Carol Smith manages communities, programs, and partnerships. She has previously worked at GitHub managing partnerships and most recently at Google managing google summer of Code. She has a degree in Journalism from California State University, Northridge, and is a cook, cyclist, and horseback rider.

Managing a Community is Hard to Do

In some ways, I have it easy. I went into managing an open source communitythat was already set up and functioning before I arrived. All I had to do once I got there was not screw it up.And in some ways, I still have to struggle along just like everyone else with a vision for their open source project and the network of support and love they want it to have.

Everyday I answer questions on mailing lists comprised of thousands of subscribers. In truth, I often answer the same questions over and over again even though the answers to those questions are clearly spelled out in our multiple pieces of documentation about the program. I get private emails all the time from our members saying things like, “Wow, Carol, I don’t know how you keep your patience with these people!
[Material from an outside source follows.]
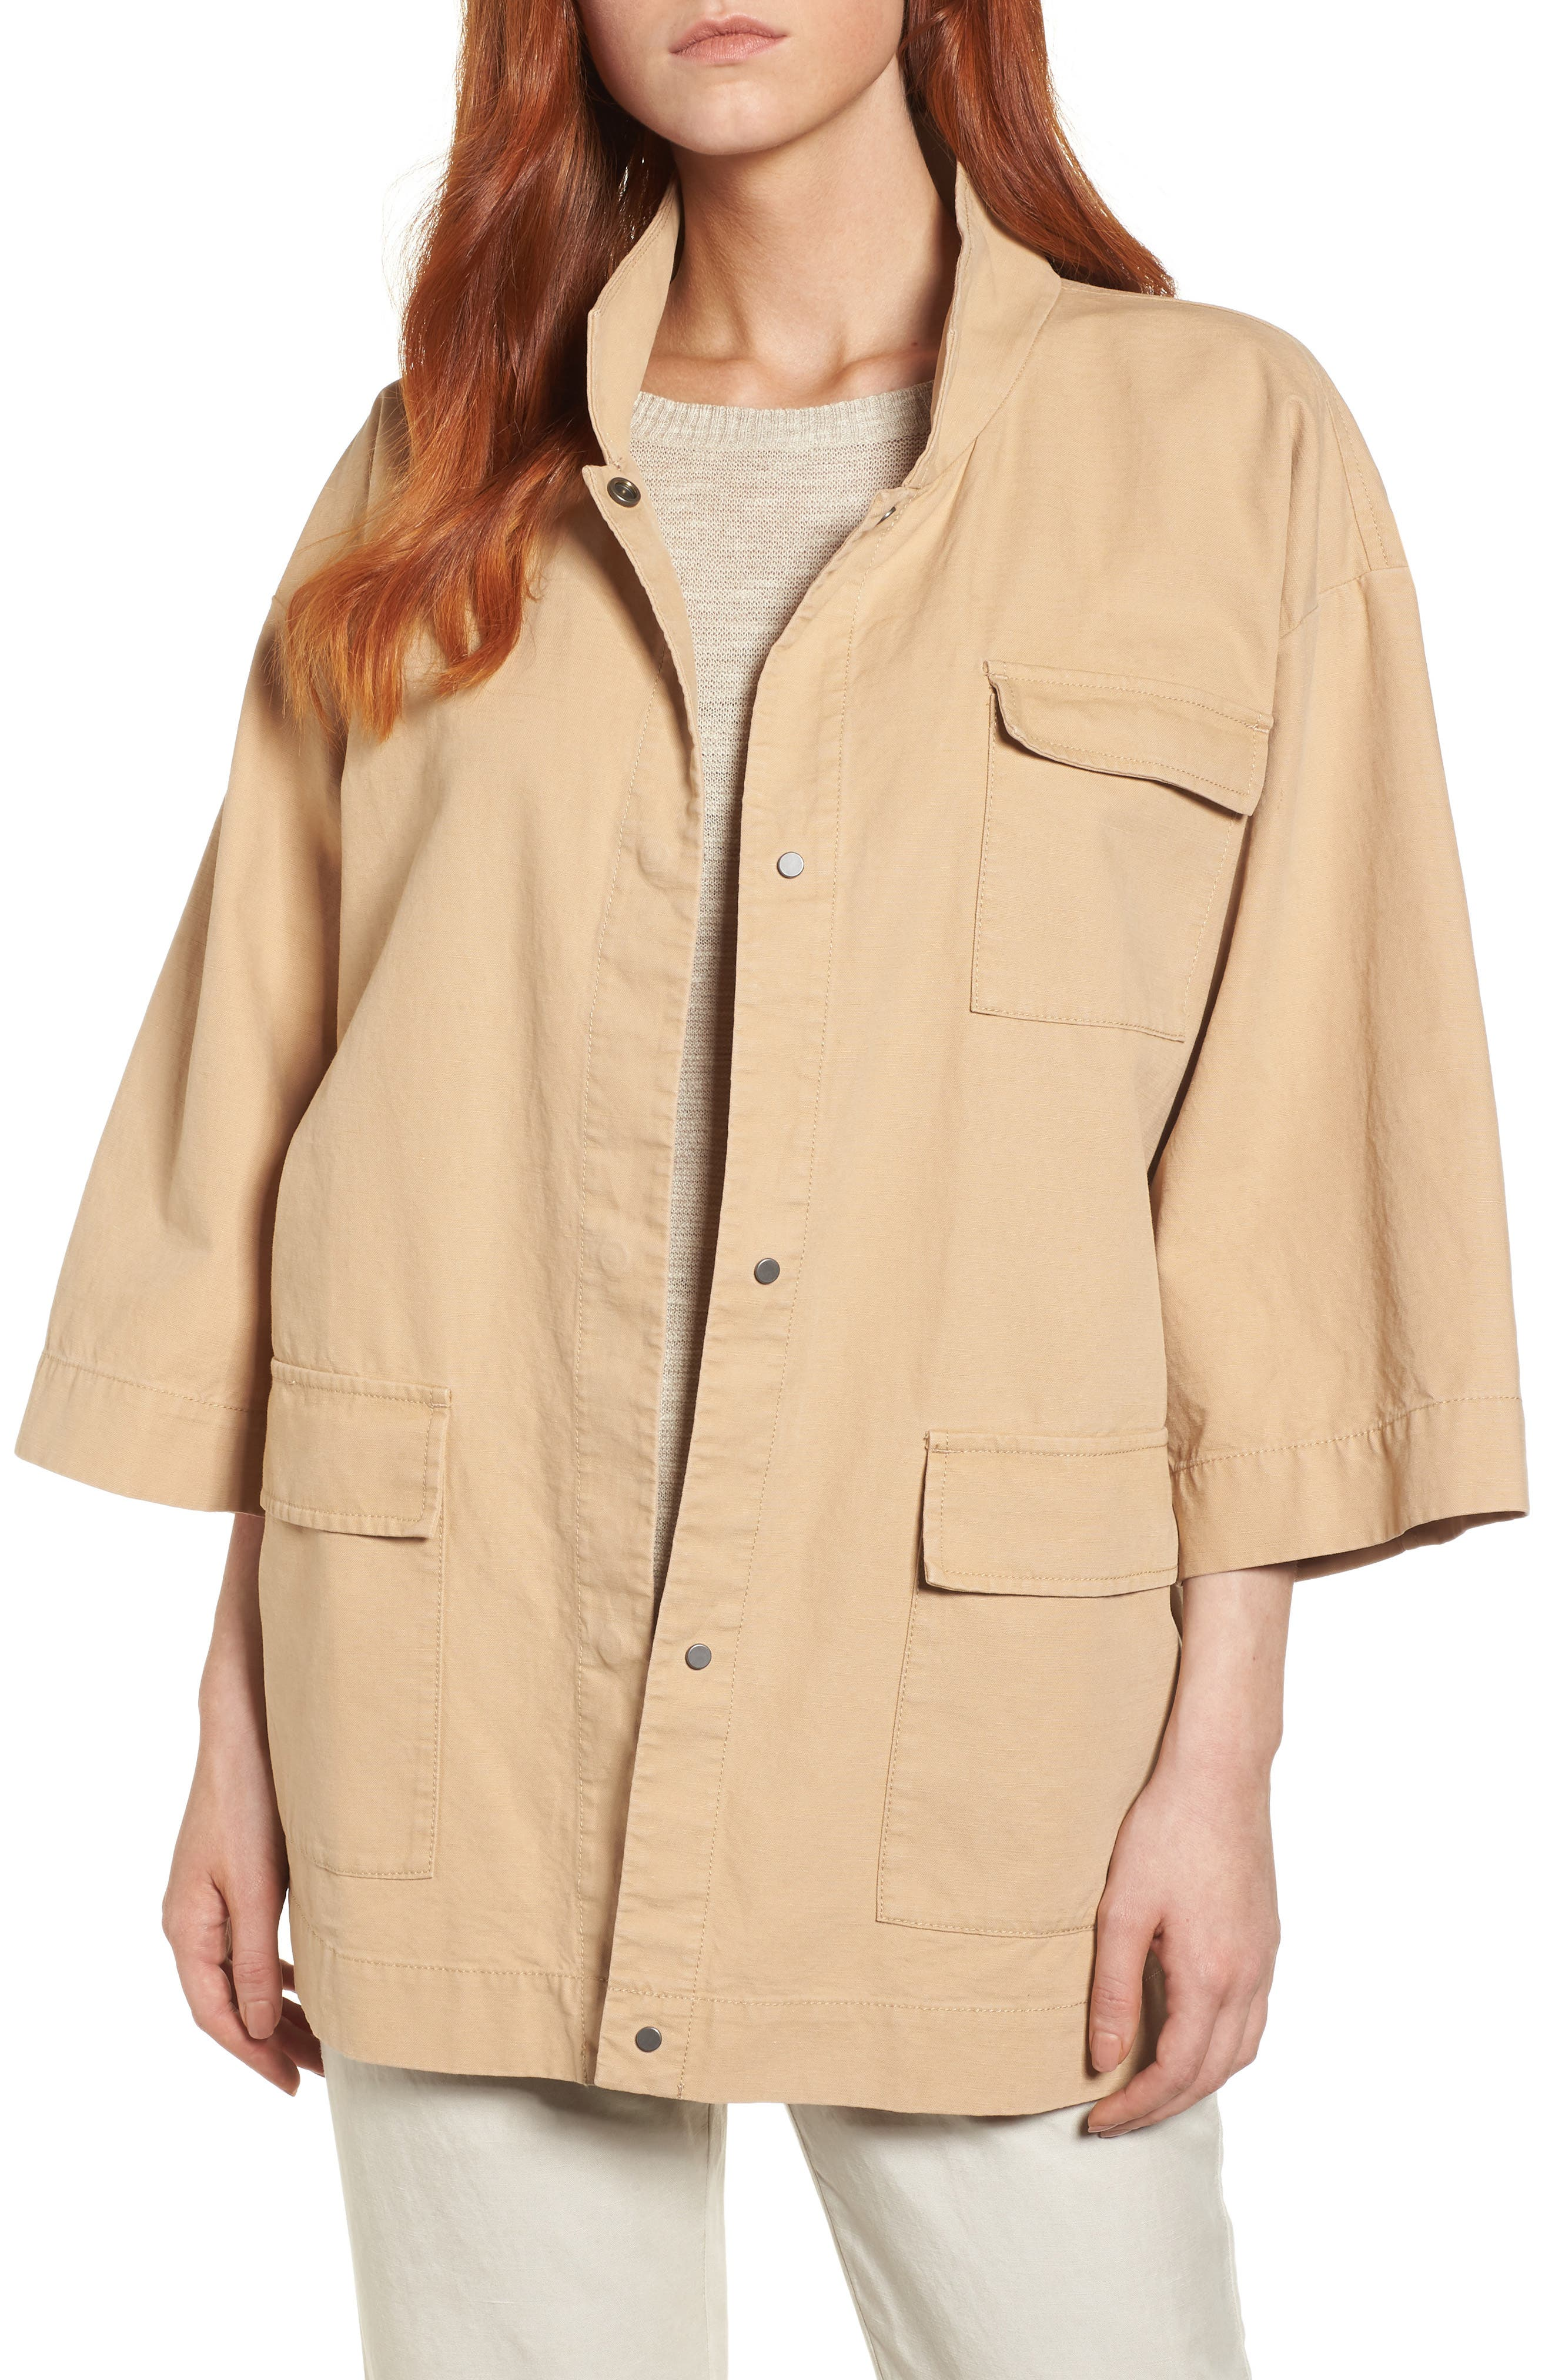 Organic Cotton & Hemp Jacket,                             Main thumbnail 1, color,                             Wheat

I would have gotten angry at them a long time ago!”

What I want to say to those private emails (and never do) is something I’ll say here now: managing a community is hard. It’s hard and it’s a really careful balancing act. As a community manager, it’s my job to do the balancing act everyday, with every IRC message I type into our channel and with every email I send. I have to tow a line between making a welcoming space for people and and also letting them be self-directed and figure things out on their own. I have to carefully show people how to get the answers they’re looking for without actually giving them the answers. I have to negotiate with people who don’t have the community’s best interests at heart, and I have to do it all while running a program with dates and deadlines and outside contributors to manage.

I empathize with the people who are managing communities of all different sorts of contributors right now. If there’s one thing the Community Leadership Summit has taught me, it’s that people manage communities of every different kind of person you can think of. They all have different goals and objectives, and they all have to do that same balancing act that I do all the time.